There are various other concerns that still need to be addressed in more detail, many of which were covered in the Church of England’s press statement on the bill:

“For the Church of England, in common with other denominations and faiths, one central test of this Bill is whether it will preserve and guarantee religious practice and religious conscience. We recognise that the Government has sought hard to do so in the drafting, but as the legislative process continues we shall wish to press serious questions about the implications for wider society, for the significance of procreation and upbringing of children as part of the purpose of marriage, the effect on teaching in schools, and the work of chaplains and others with religious convictions who are involved in public service delivery.

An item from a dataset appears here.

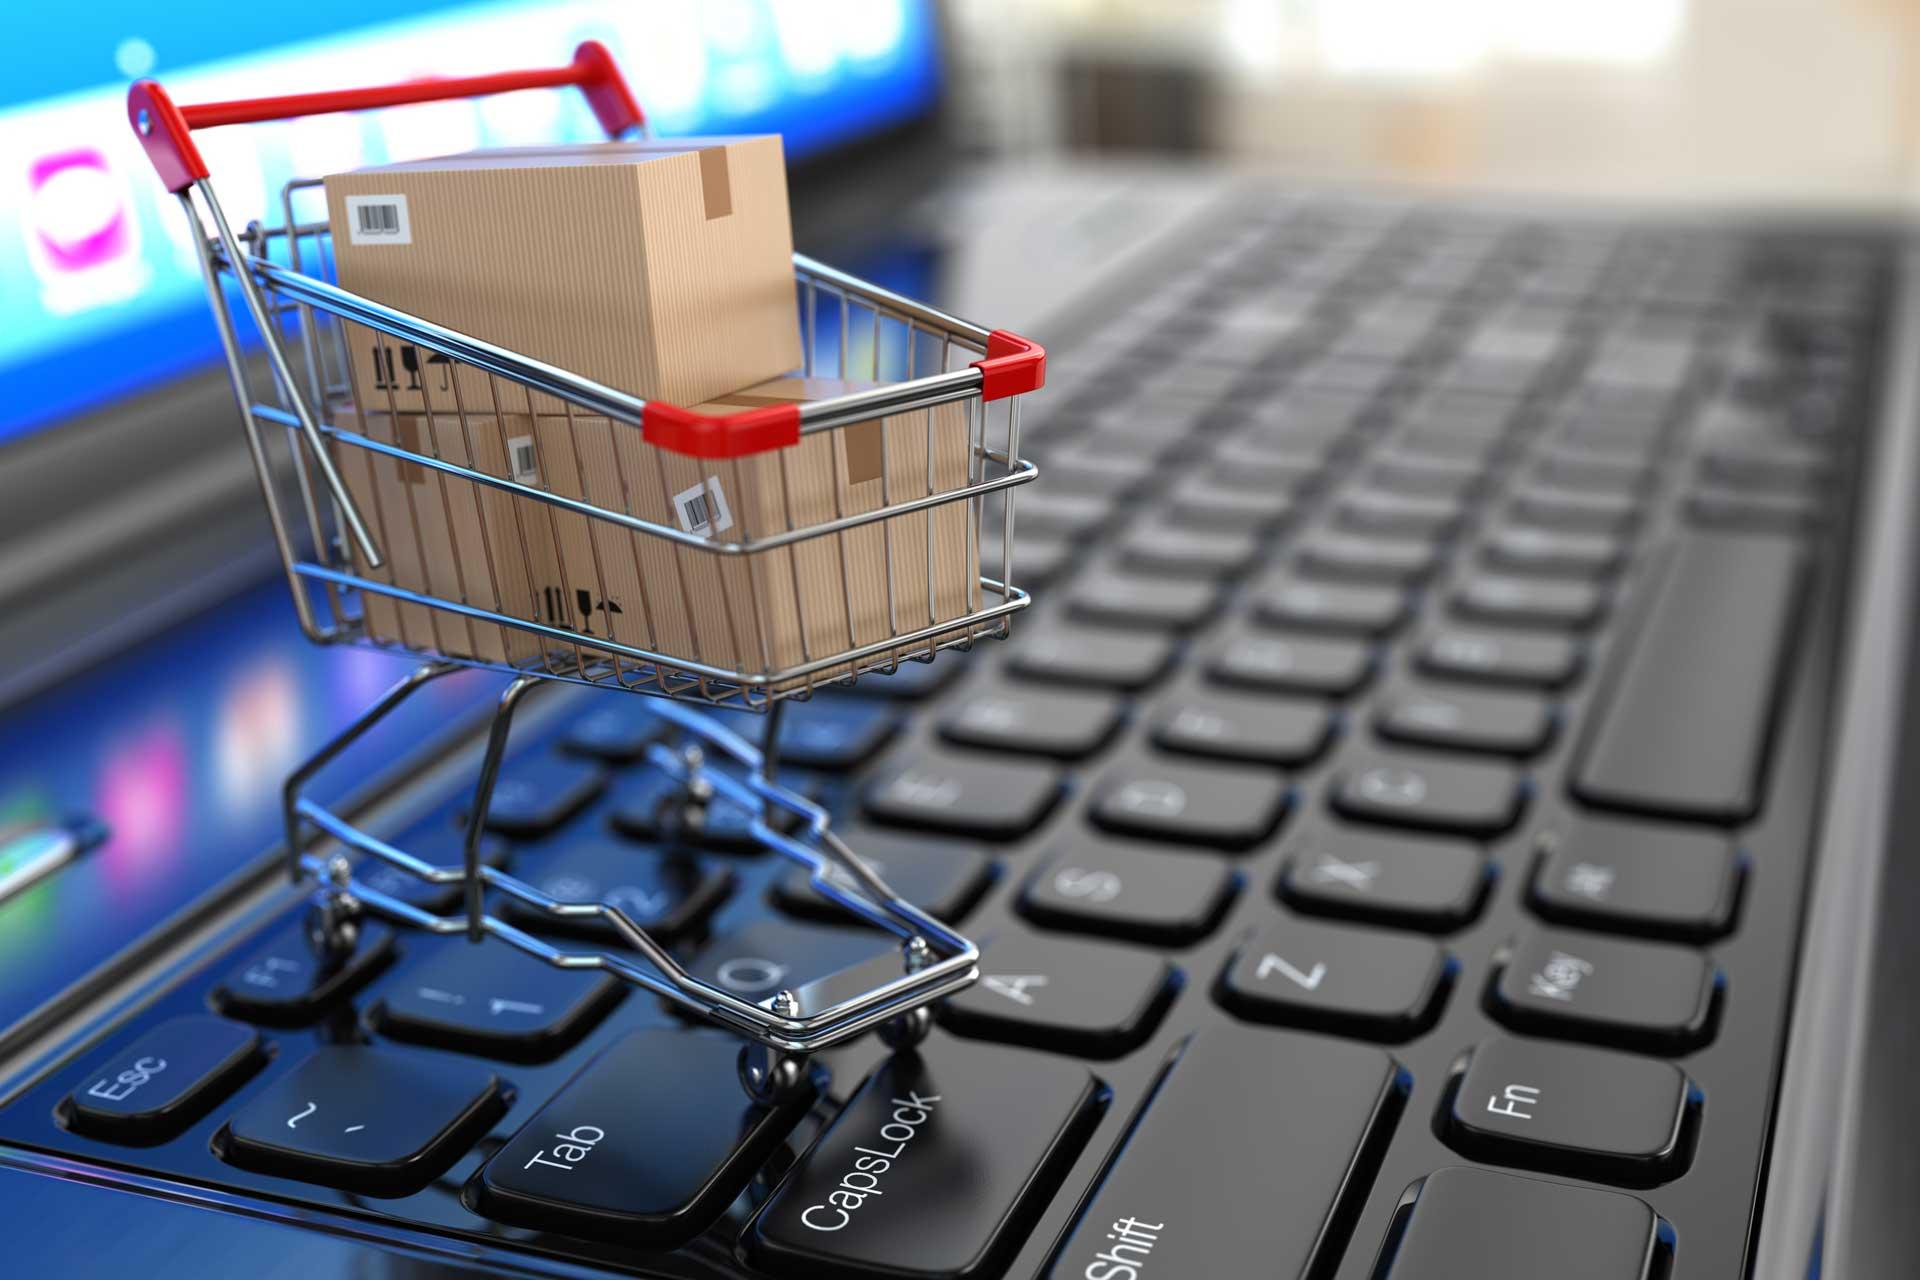 Iniciar un eCommerce con un hosting de calidad
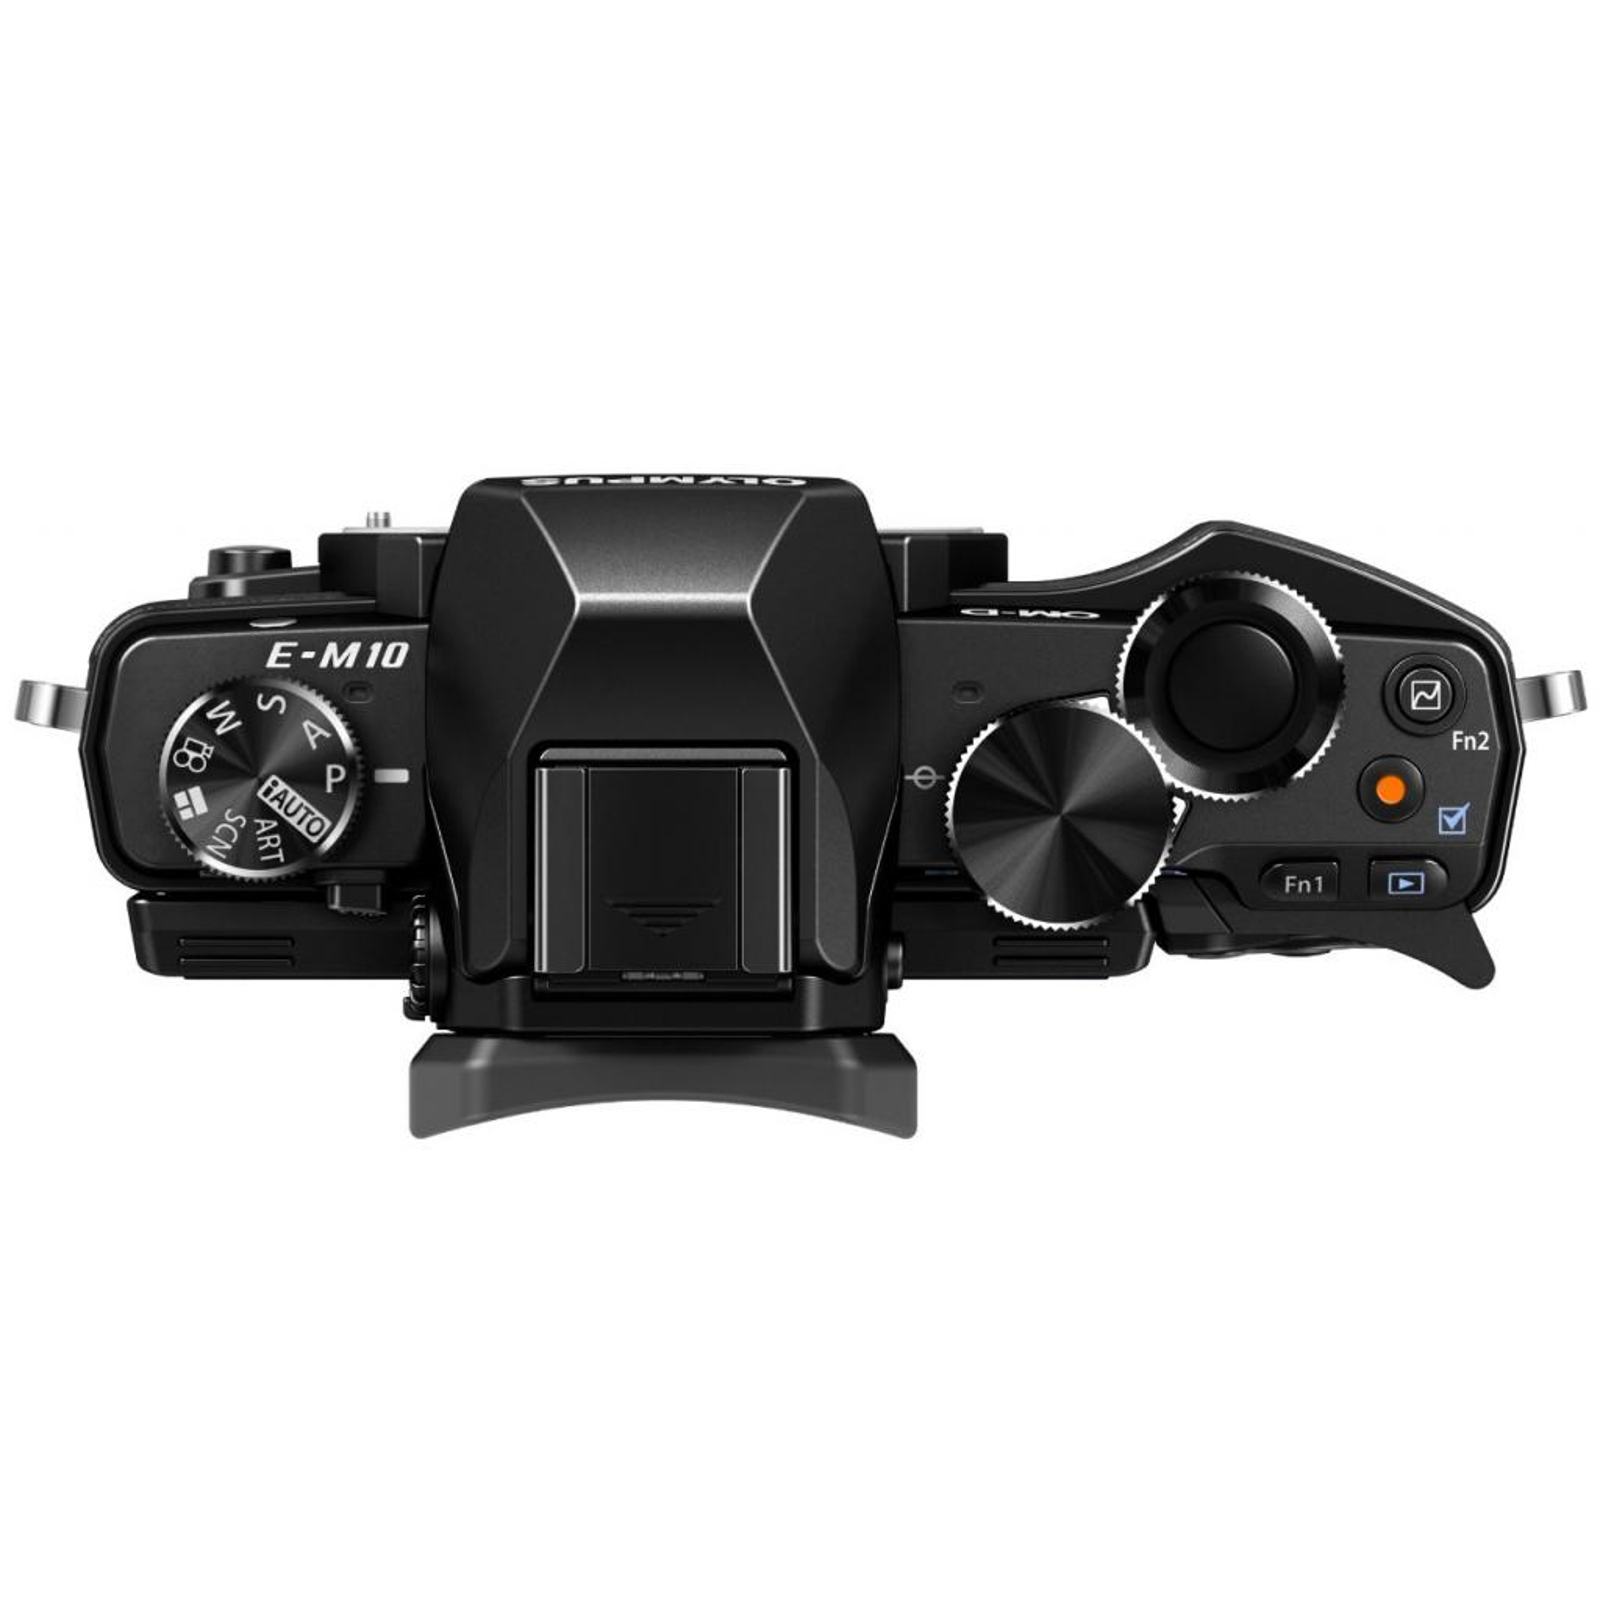 Цифровой фотоаппарат OLYMPUS E-M10 14-42 Kit black/black (V207021BE000) изображение 4

“We have also continued to raise questions about whether it is wise or appropriate to legislate at speed on a matter of such fundamental importance to society, when the proposal was not in any major party manifesto, the Coalition Agreement or the last Queen’s Speech. The lack of a clear mandate and the absence of an overwhelming public consensus for change ought at least to give pause for thought.”

In trying to unite marriage and civil partnerships, it’s as if the Government has taken a bottle containing both water and oil and given it a thorough shake trying to mix them together.  If you shake hard enough, it may give the impression that it works, but if you look closely you’ll see that they’re still separate and the longer you look at it the more obvious it becomes.  No matter how much you believe in equality it doesn’t overcome the fact that we’re not all the same and the Government’s attempt to shoehorn all of us into the same box, whilst the intentions may be well meaning, is only causing more problems than it solves.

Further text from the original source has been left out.